● **Exercise goal**
Take the listing below and write it out again exactly, skipping any picture that it holds.
Source material: Begin
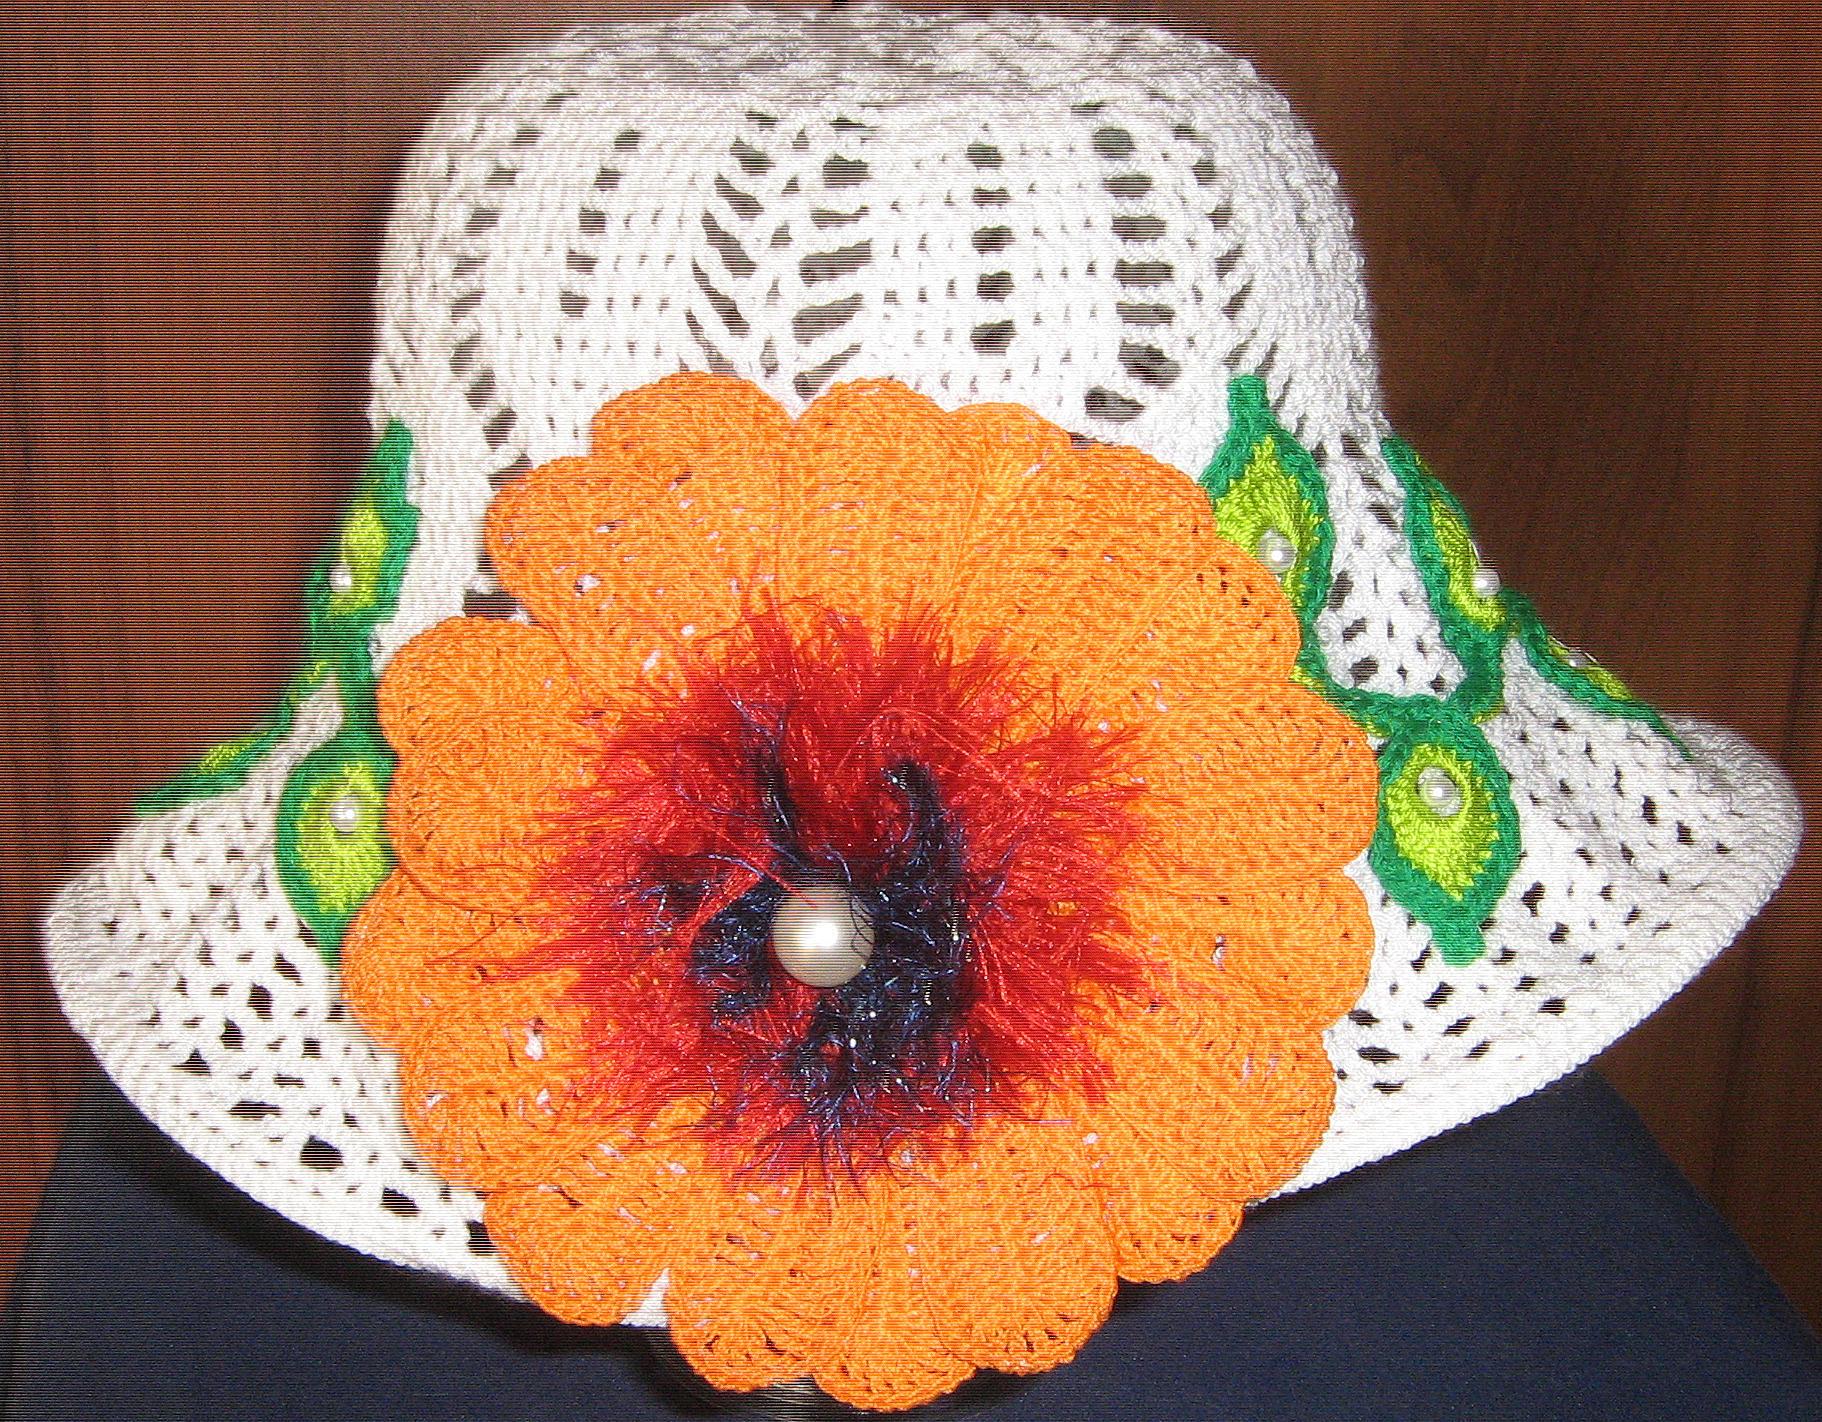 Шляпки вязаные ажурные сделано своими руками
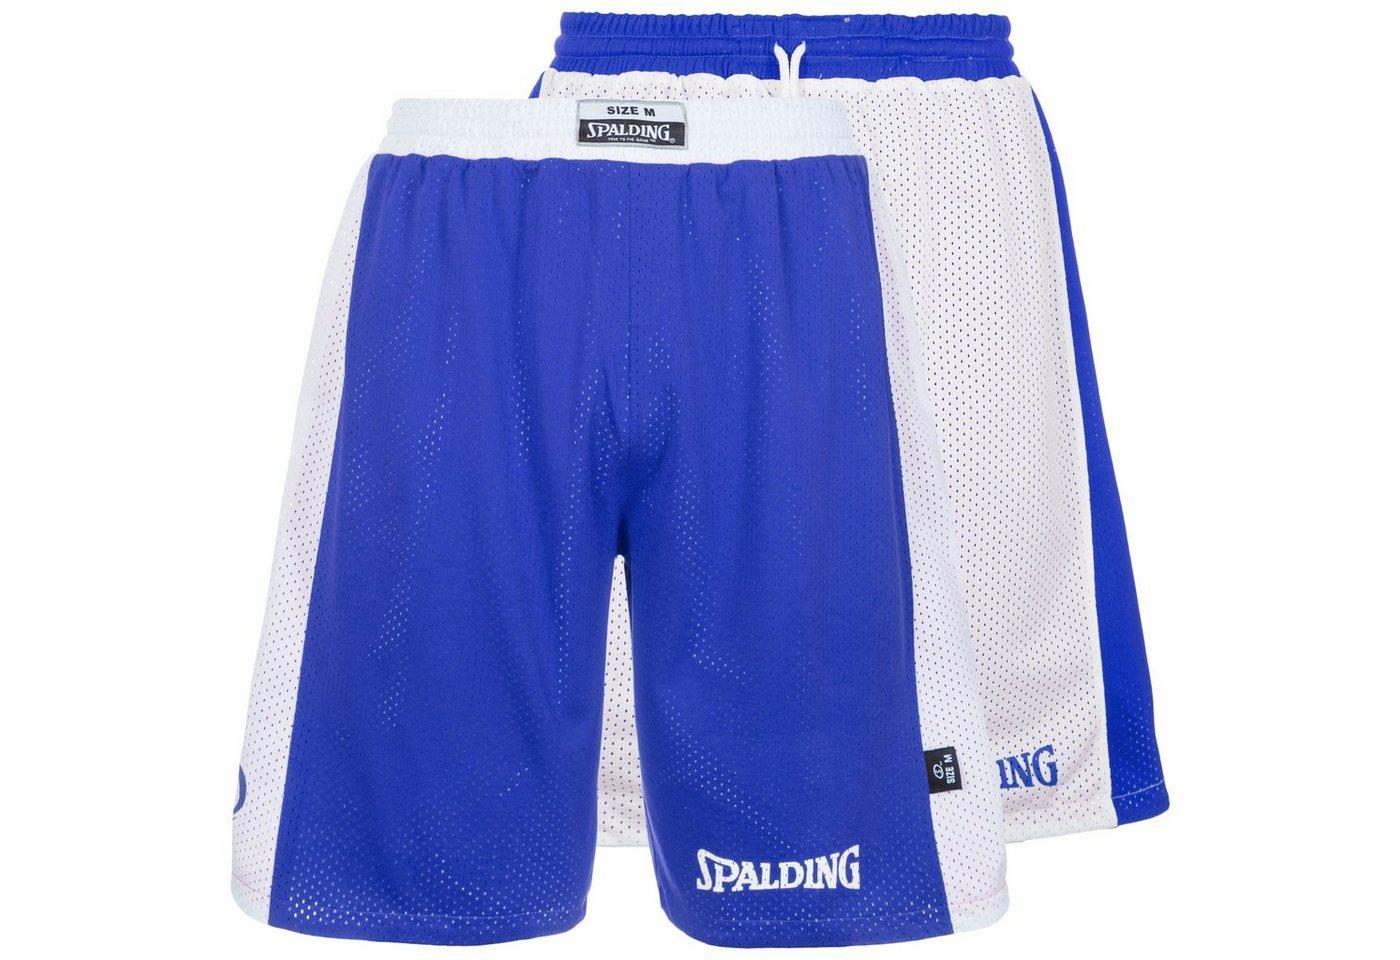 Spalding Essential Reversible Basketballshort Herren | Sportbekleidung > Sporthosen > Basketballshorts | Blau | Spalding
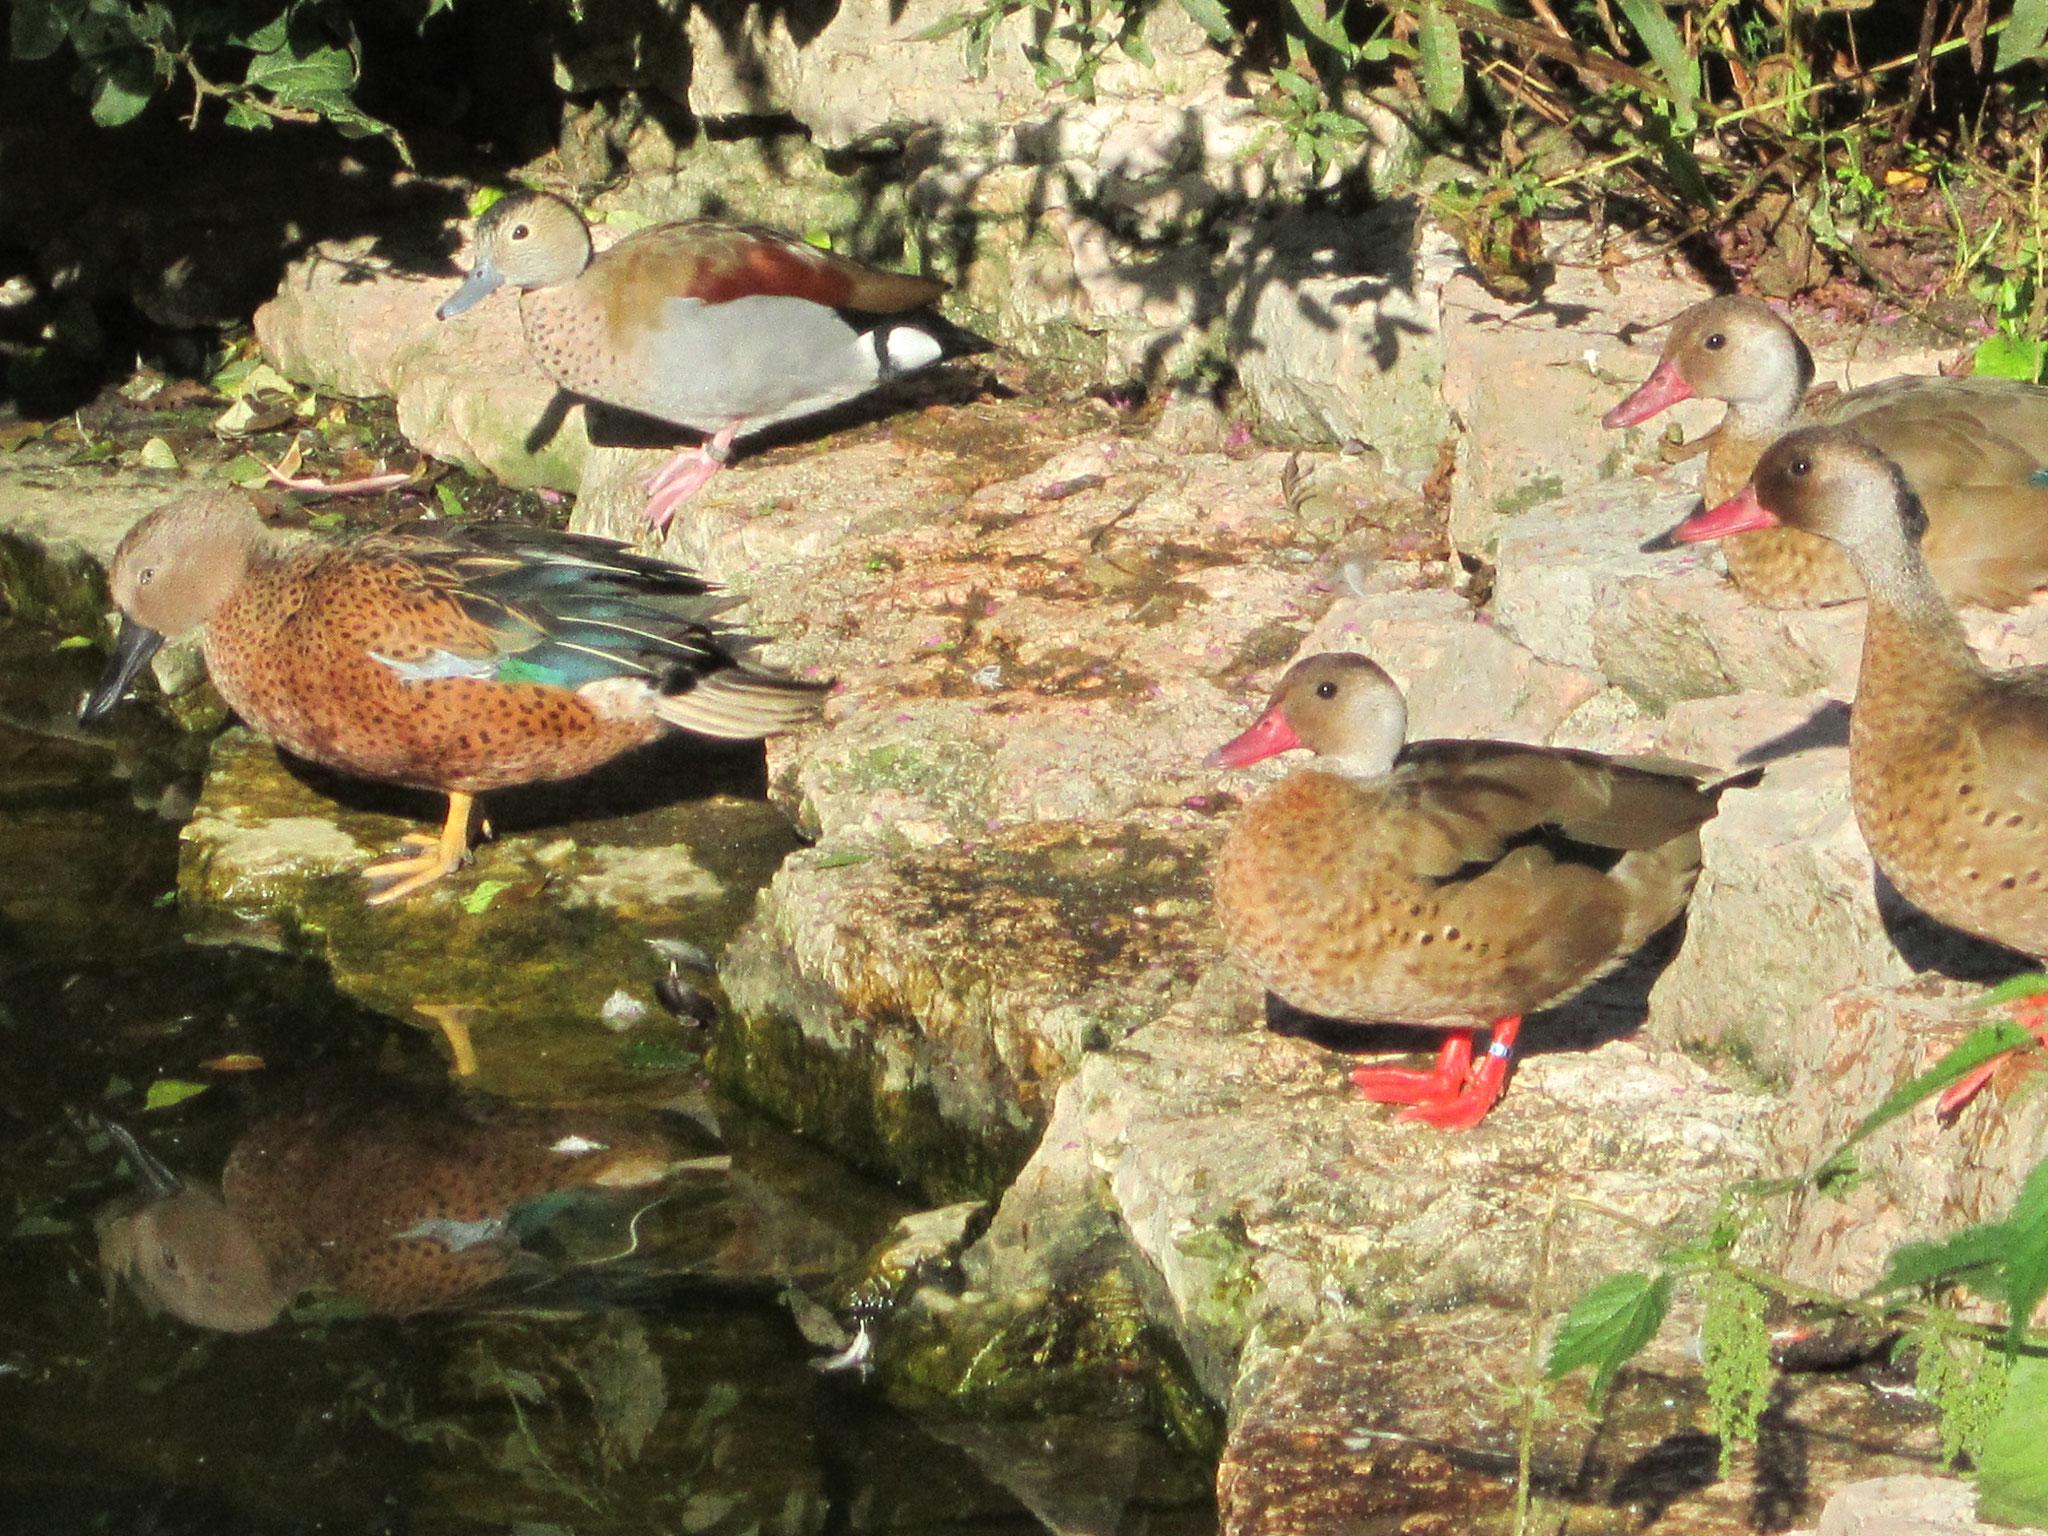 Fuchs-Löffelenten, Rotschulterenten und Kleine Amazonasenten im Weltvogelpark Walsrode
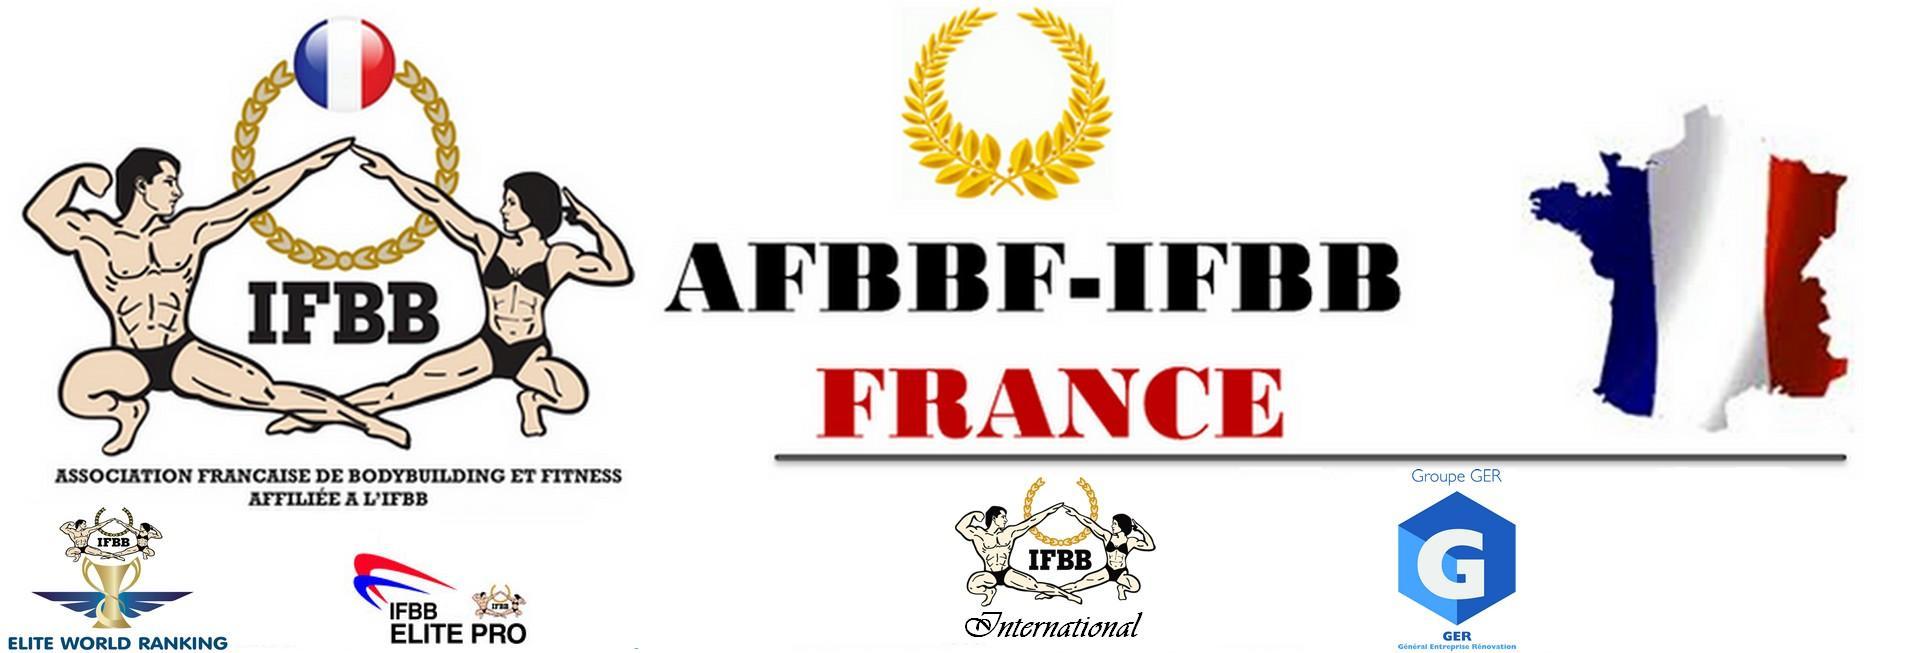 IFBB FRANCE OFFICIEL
Source material: End
● **Finished exercise**
 Шляпки вязаные ажурные сделано своими руками
 Spalding Essential Reversible Basketballshort Herren | Sportbekleidung > Sporthosen > Basketballshorts | Blau | Spalding
 Fuchs-Löffelenten, Rotschulterenten und Kleine Amazonasenten im Weltvogelpark Walsrode
 IFBB FRANCE OFFICIEL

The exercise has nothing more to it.